Prince Pedro Gastão of Orléans-Braganza (born Pierre-d’Alcantara Gaston Jean Marie Philippe Laurent Hubert d’Orléans et Bragance ; in Portuguese, Pedro de Alcântara Gastão João Maria Filipe Lourenço Humberto Miguel Gabriel Rafael Gonzaga de Orléans e Bragança e Dobrzensky de Dobrzenicz) (19 February 1913 – 27 December 2007) was one of two claimants to the Brazilian throne and head of the Petrópolis branch of the Brazilian Imperial House

I confess that I don't understand the term "imperial house", but when this fellow was born there hadn't been any Brazilian monarchy for over two decades.
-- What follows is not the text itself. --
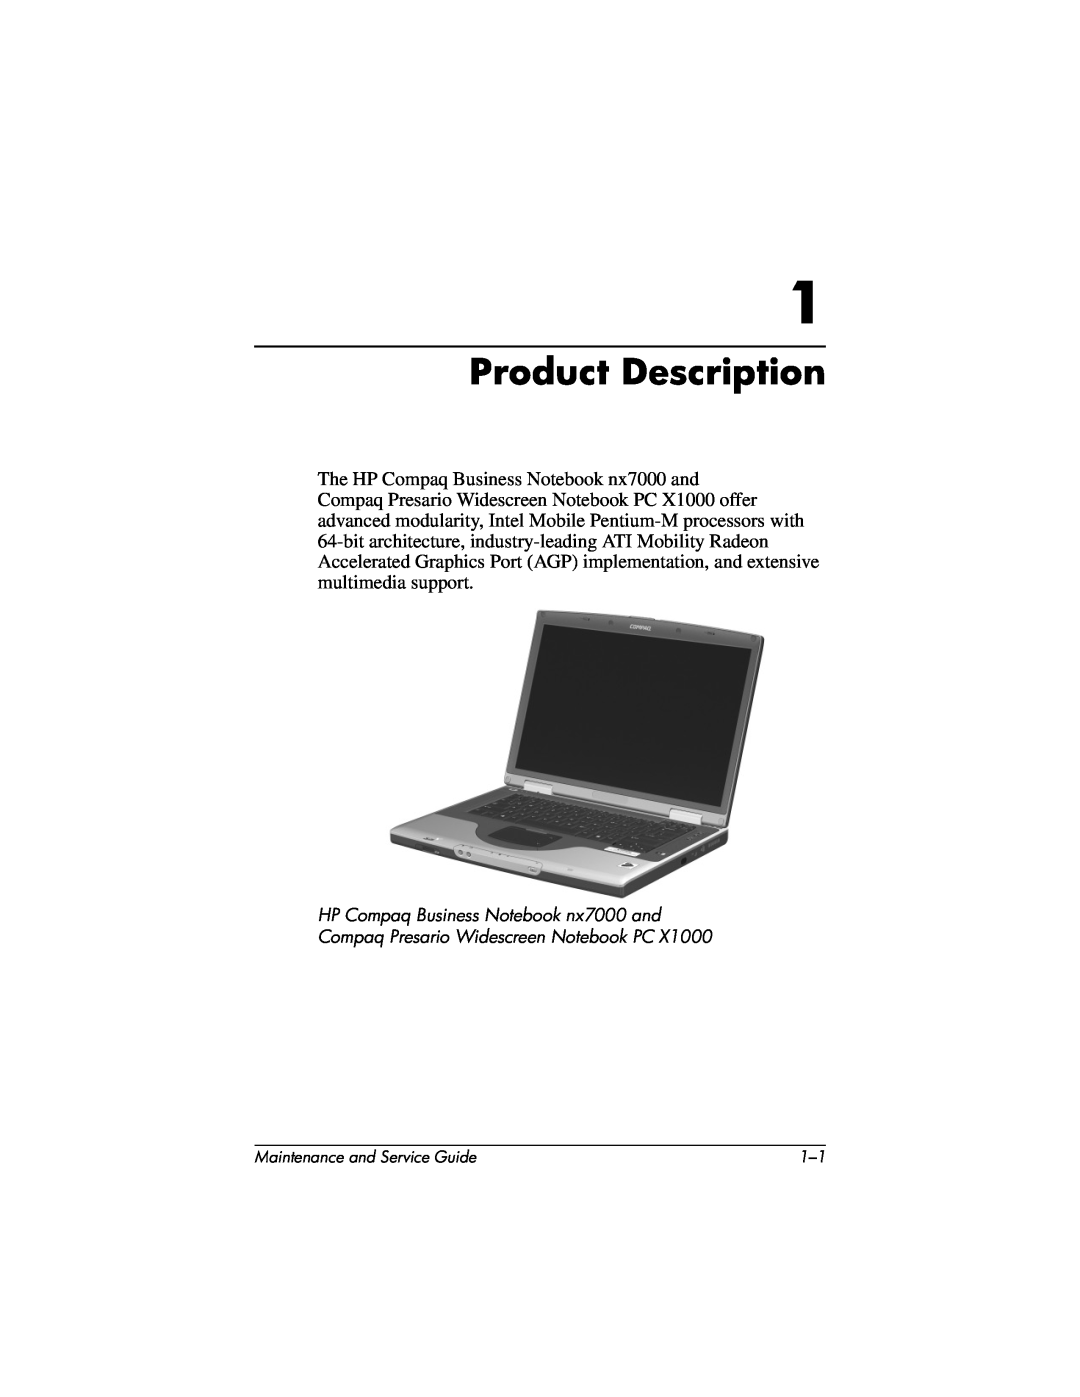 HP nx7000, X1000 manual Product Description

The article does say that he was merely a "claimant", but the article title suggests that he actually was a prince, a notion that's simply delusional (however desirable you may think a return to monarchy might have been).

(Of course there are plenty of encyclopedic Princes who weren't/aren't really princes: not only Prince but also for example Prince Buster. The latter article should be so titled because that's the name by which Cecil Bustamente Campbell is known; obviously that article neither misleads the reader into thinking that he's a prince nor appears to support any delusion about Jamaican royalty.)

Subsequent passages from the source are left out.